SLMIA-SR: Speaker-Level Membership Inference Attacks against Speaker Recognition Systems

Membership inference attacks allow adversaries to determine whether a particular example was contained in the model's training dataset. While previous works have confirmed the feasibility of such attacks in various applications, none has focused on speaker recognition (SR), a promising voice-based biometric recognition technique. In this work, we propose SLMIA-SR, the first membership inference attack tailored to SR. In contrast to conventional example-level attack, our attack features speaker-level membership inference, i.e., determining if any voices of a given speaker, either the same as or different from the given inference voices, have been involved in the training of a model. It is particularly useful and practical since the training and inference voices are usually distinct, and it is also meaningful considering the open-set nature of SR, namely, the recognition speakers were often not present in the training data. We utilize intra-closeness and inter-farness, two training objectives of SR, to characterize the differences between training and non-training speakers and quantify them with two groups of features driven by carefully-established feature engineering to mount the attack. To improve the generalizability of our attack, we propose a novel mixing ratio training strategy to train attack models. To enhance the attack performance, we introduce voice chunk splitting to cope with the limited number of inference voices and propose to train attack models dependent on the number of inference voices. Our attack is versatile and can work in both white-box and black-box scenarios. Additionally, we propose two novel techniques to reduce the number of black-box queries while maintaining the attack performance. Extensive experiments demonstrate the effectiveness of SLMIA-SR.

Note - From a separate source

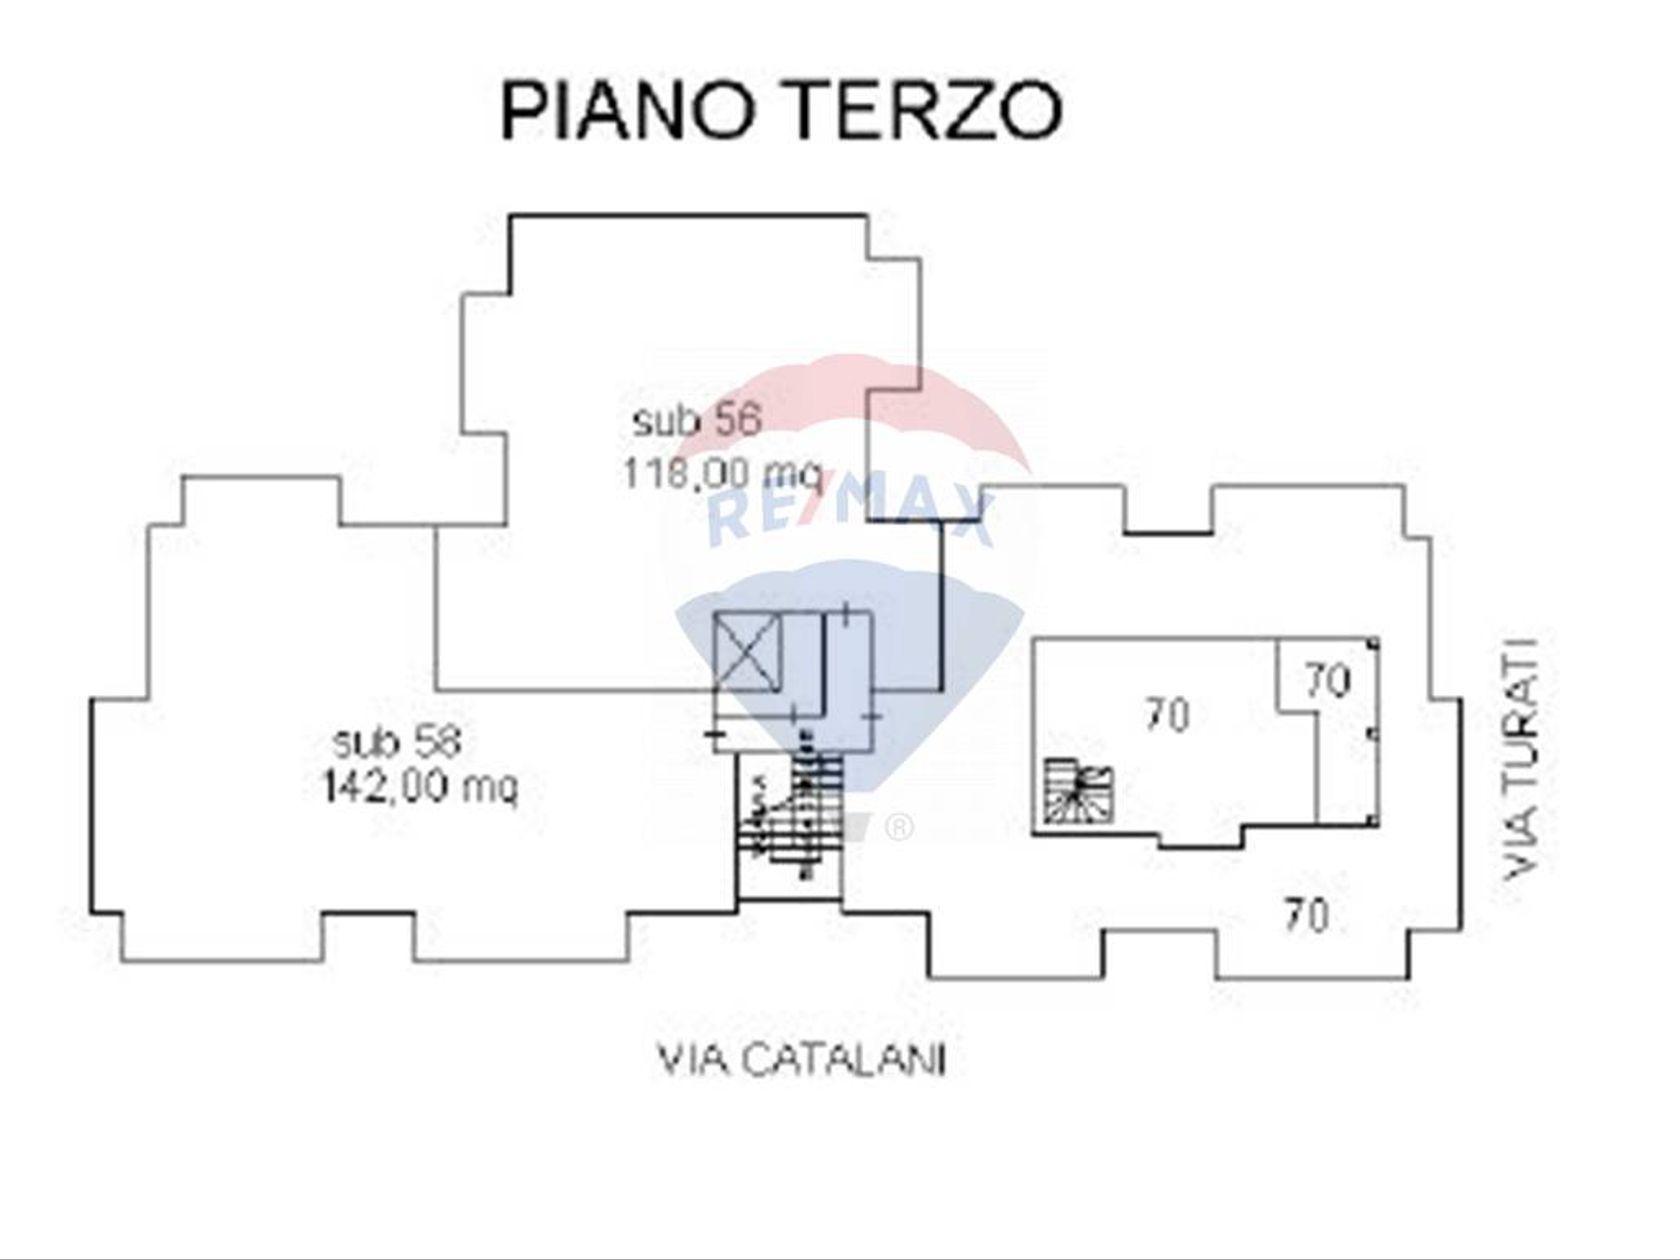 Altro Zona Centro, Quartu Sant'Elena, CA Vendita - Planimetria 1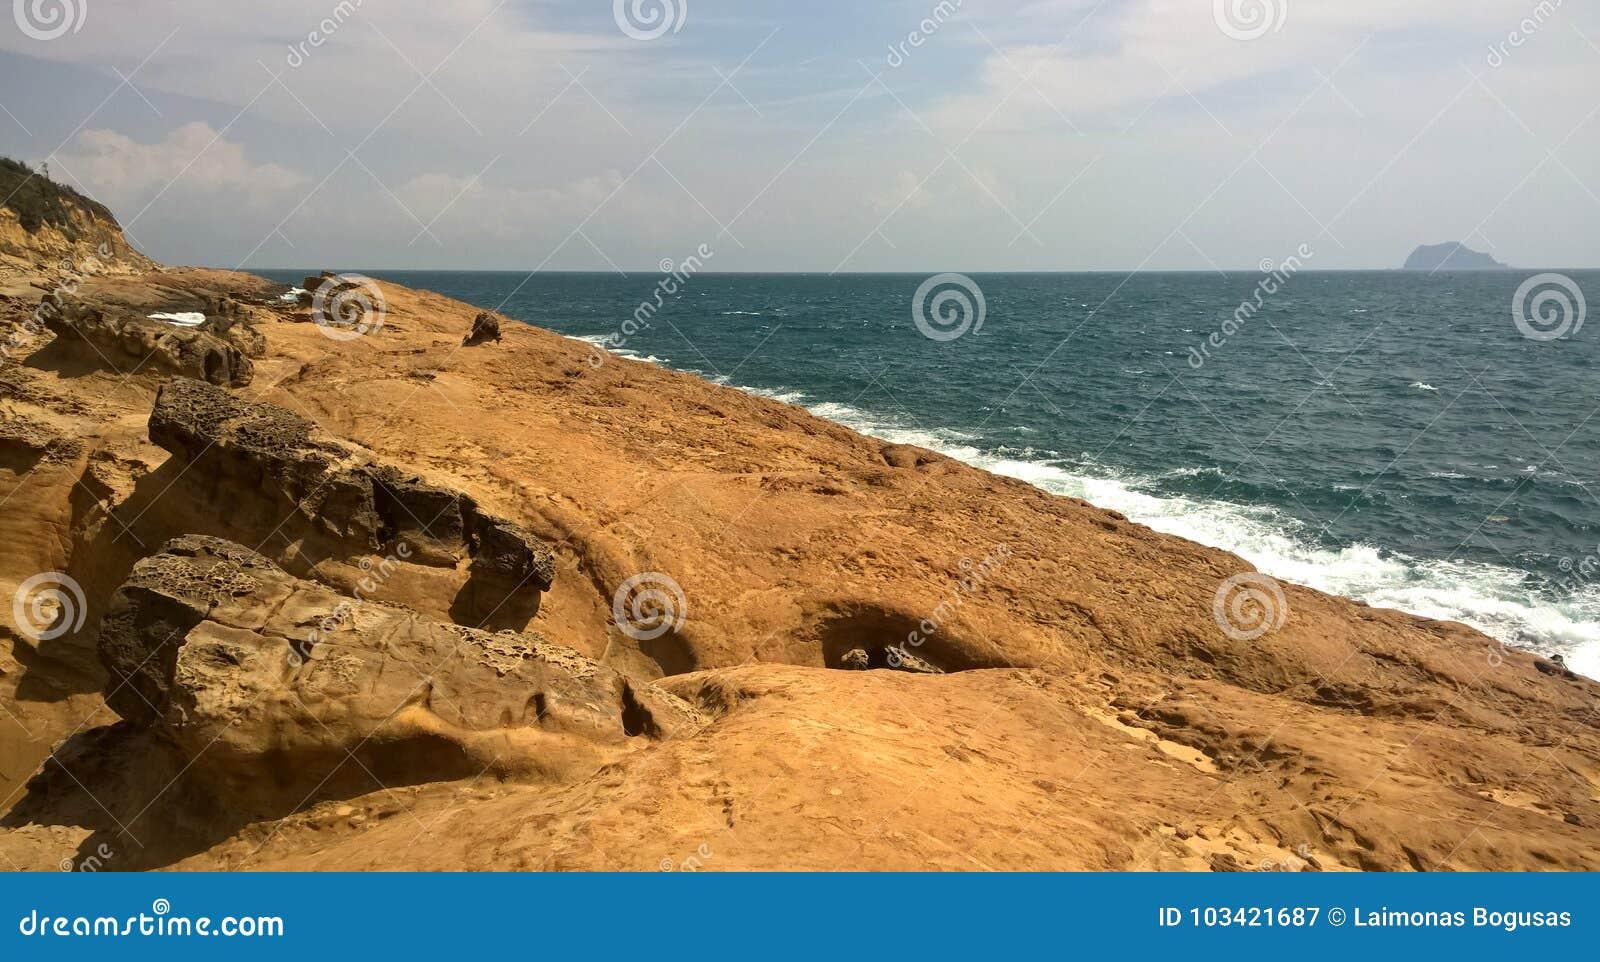 Taiwan. Rocks on the beach

翻译：成员推断攻击使攻击者能够判断某个特定样本是否包含在模型的训练数据集中。尽管先前的研究已在多种应用中证实了此类攻击的可行性，但尚无工作聚焦于说话人识别（SR）——一种具有前景的基于语音的生物识别技术。本文提出SLMIA-SR，这是首次针对SR定制的成员推断攻击。与传统的样本级攻击不同，我们的攻击具有说话人级成员推断的特点，即判断给定说话人的任意语音（与给定的推断语音相同或不同）是否参与过模型训练。由于训练语音与推断语音通常不同，此攻击特别实用且可行，同时考虑到SR的开放集特性（即识别说话人往往不在训练数据中），该攻击也具有重要意义。我们利用SR的两个训练目标——类内紧致性和类间疏远性——来刻画训练说话人与非训练说话人之间的差异，并通过精心建立的特征工程驱动的两组特征进行量化，从而实施攻击。为提高攻击的泛化性，我们提出了一种新颖的混合比训练策略来训练攻击模型。为增强攻击性能，我们引入语音片段分割以应对推断语音数量有限的问题，并提出根据推断语音数量训练依赖于其数量的攻击模型。我们的攻击具有通用性，可在白盒和黑盒场景下工作。此外，我们提出了两种新颖技术来减少黑盒查询次数，同时保持攻击性能。大量实验证明了SLMIA-SR的有效性。